Friday, 3 October 2014

DNA testing Foreign Dogs

 Over the past few years there have been an increasing number of street dogs being brought to the UK for rehoming.  Just in the past year I have noticed a sharp increase of street dogs, particularly from Romania, coming to the UK and owners are asking me for DNA tests.  
 The Blackdog DNA database of known dog breeds is intended only to test dogs from the UK, US, Australia, Canada and near Europe such as Eire, France and Germany.  Known pedigree breeds make up this database.  A dog rehomed from the streets in Romania is extremely unlikely to have any UK pedigree dogs in its ancestry!  Do you expect a Cardigan Welsh Corgi to be roaming the streets in Romania?  or perhaps a Pedigree Basenji? a prizewinning German Spitz?? or a Champion Poodle?  It just doesn't work, and it is not realistic to expect to find any known UK breeds in there.
Your dog might have the appearance of a dog breed you recognize from the UK Pedigree known dogs, but that is where it ends.  Street dogs have been roaming and breeding uncontrolled for as long as humans have been civilized.  Their appearance is determined by genes which control things like ear length, nose length, colour, coat, leg length.  It is just coincidence when these genes come together in a random way and the dog accidentally resembles a pedigree breed we might recognize.  In view of the sharp increase of foreign street dogs coming to the UK I have now changed the wording on my website and litereature to warn against DNA testing these dogs.  The results will reflect ancient breeds or a group of breeds which are linked historically.
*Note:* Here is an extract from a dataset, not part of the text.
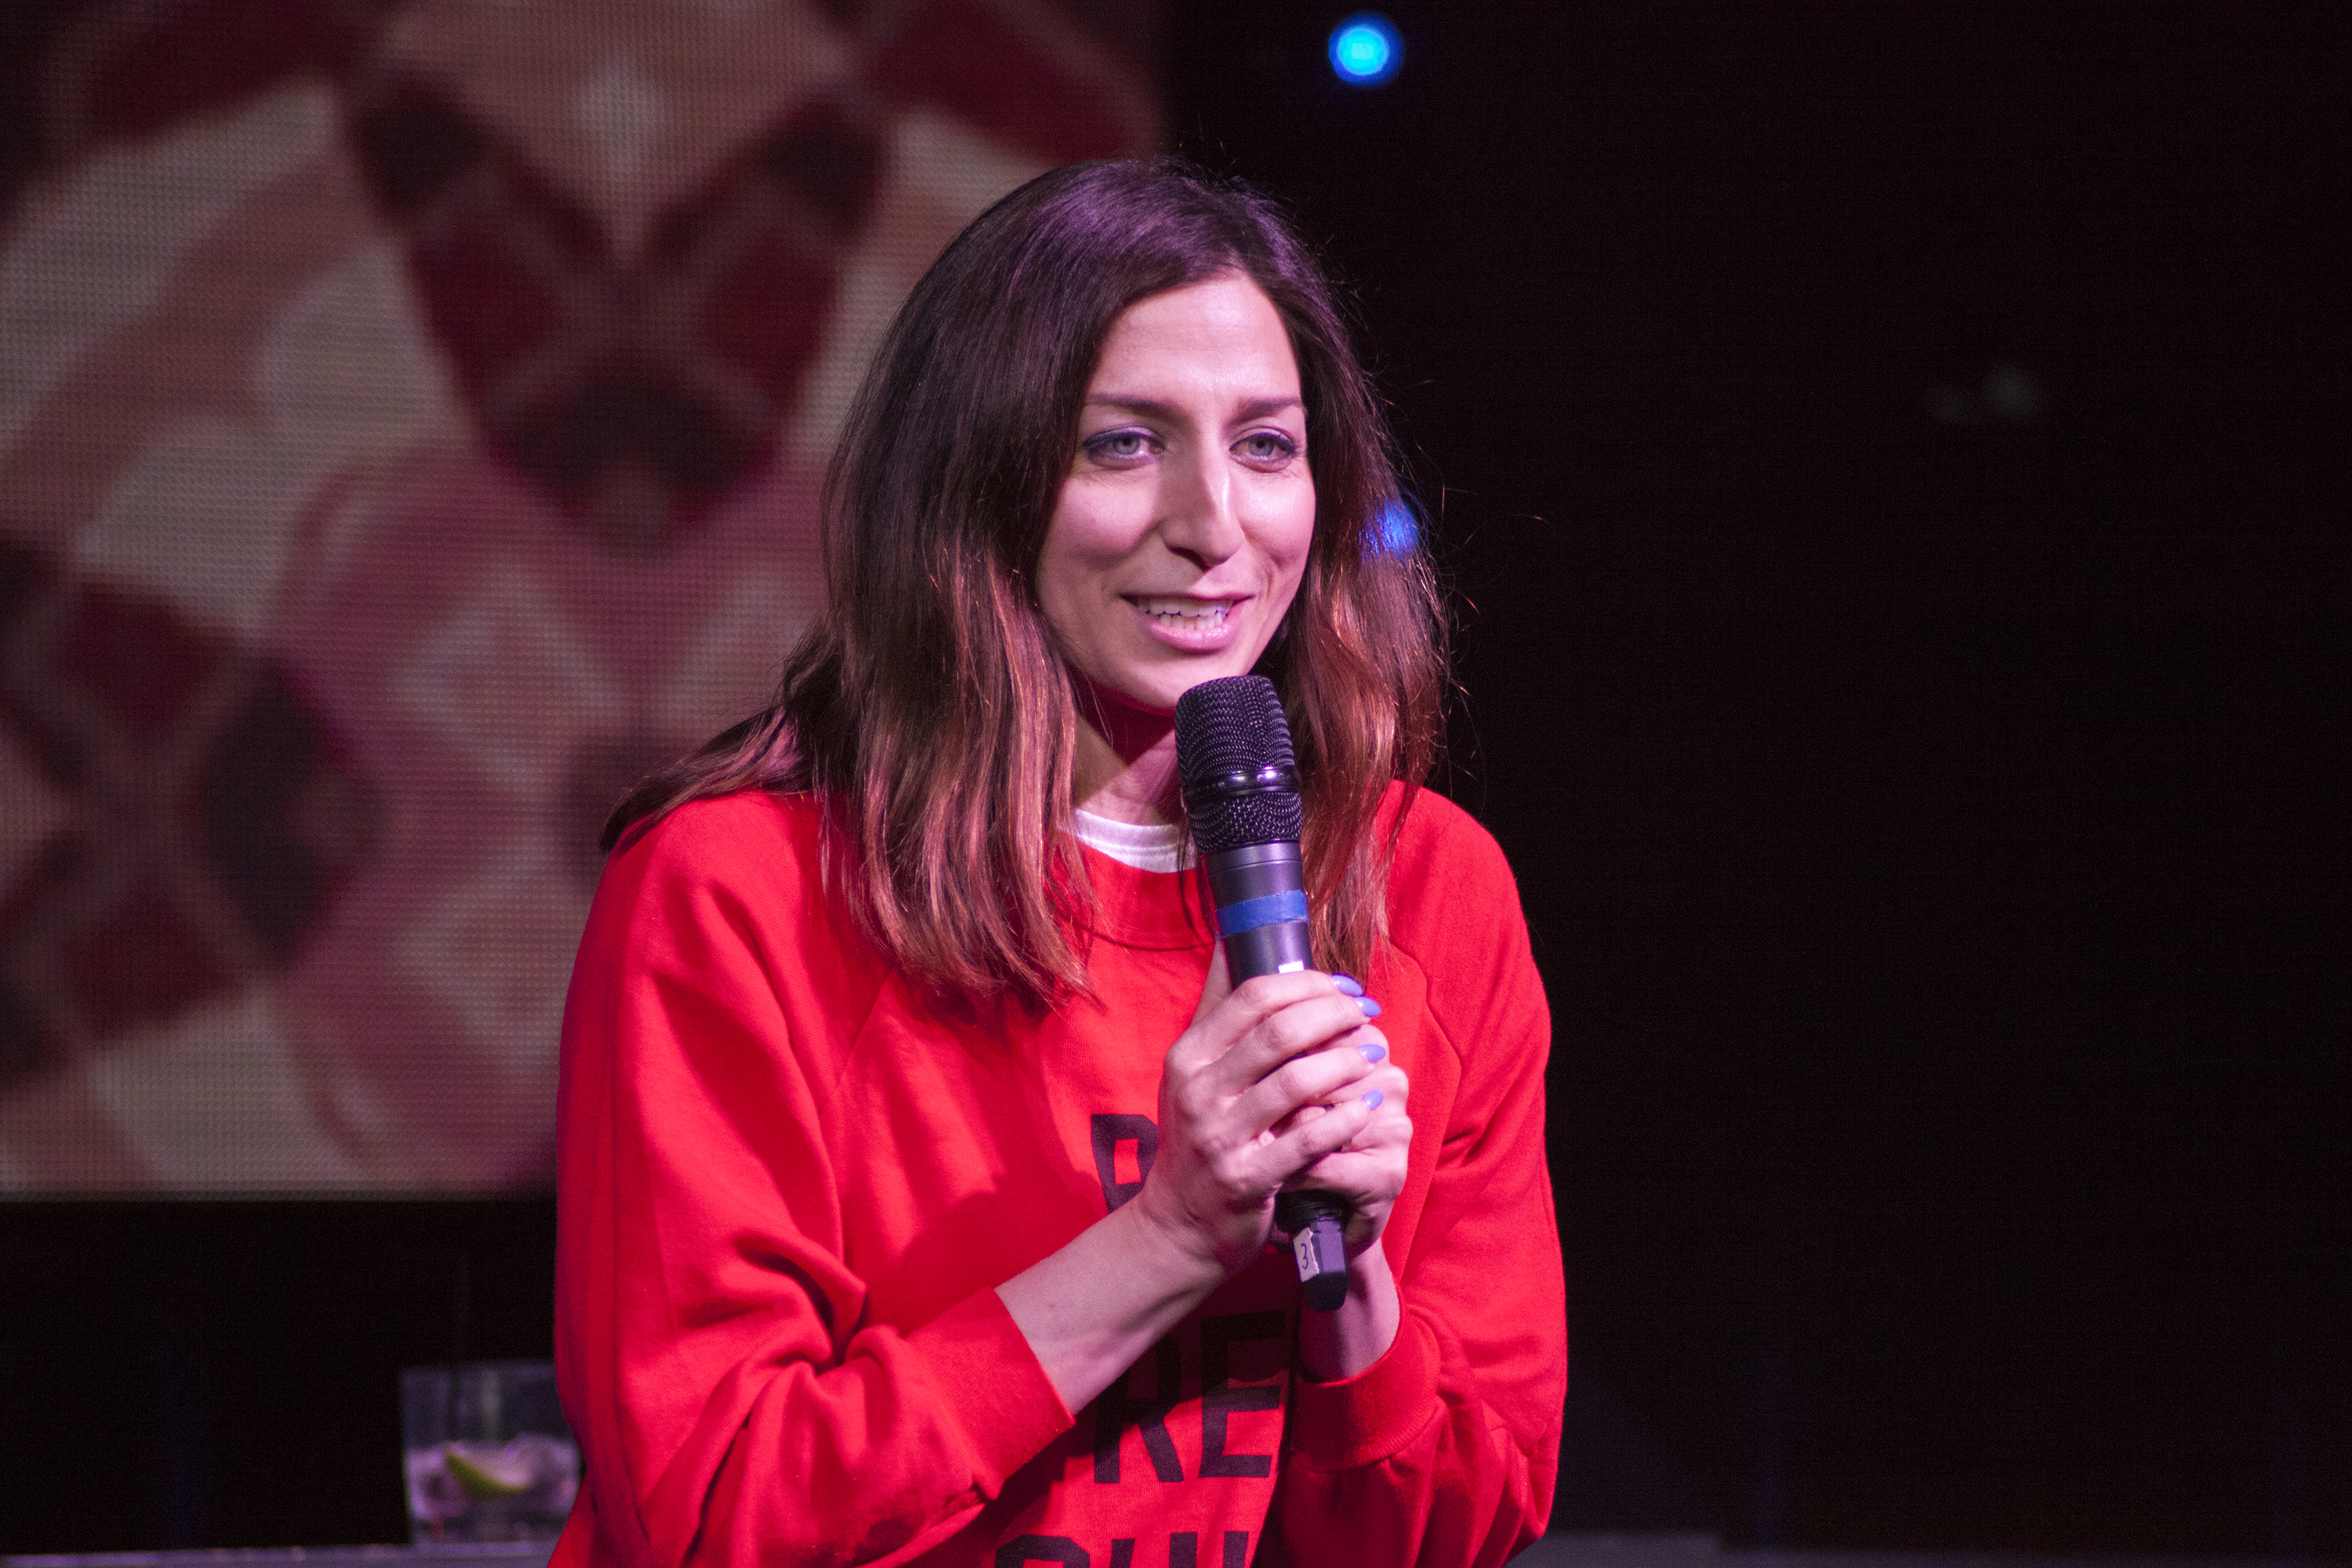 NEW YORK, NY - APRIL 21:  Chelsea Peretti onstage during Showgasm XXL at Marquee on April 21, 2016 in New York City.  (Photo by Santiago Felipe/Getty Images) (Santiago Felipe—Getty Images)

This will result in a seemingly unlikely result, but reflects the true breed ancestry.

Friday, 24 January 2014

Something Smelly!

Have you noticed how in cold weather your dog takes much more time to sniff everything?  It can be annoying if you are in a hurry to get along but your dog needs to take time to read all the local information.   The reason your dog takes so long in Winter is because the scents do not smell as strong when the weather is cold.  During warm or hot weather the molecules in the object of the sniff (a pee from another dog for instance) will be moving and going around at high speed. These items of scent are called 'volatiles'.  Think of your hot cup of tea or coffee for instance.  The heat creates volatile substances that rise at high speed into the air... you know it as steam.   But in cold weather the volatile scents are hardly moving at all, and it is these volatile scents that your dog is sniffing for.  So in cold weather there is hardly any scent coming off the object that he or she is sniffing - hence, they need to give it a jolly good, long, hard sniff to find out what it is.  Give them more time please! don't just pull them away.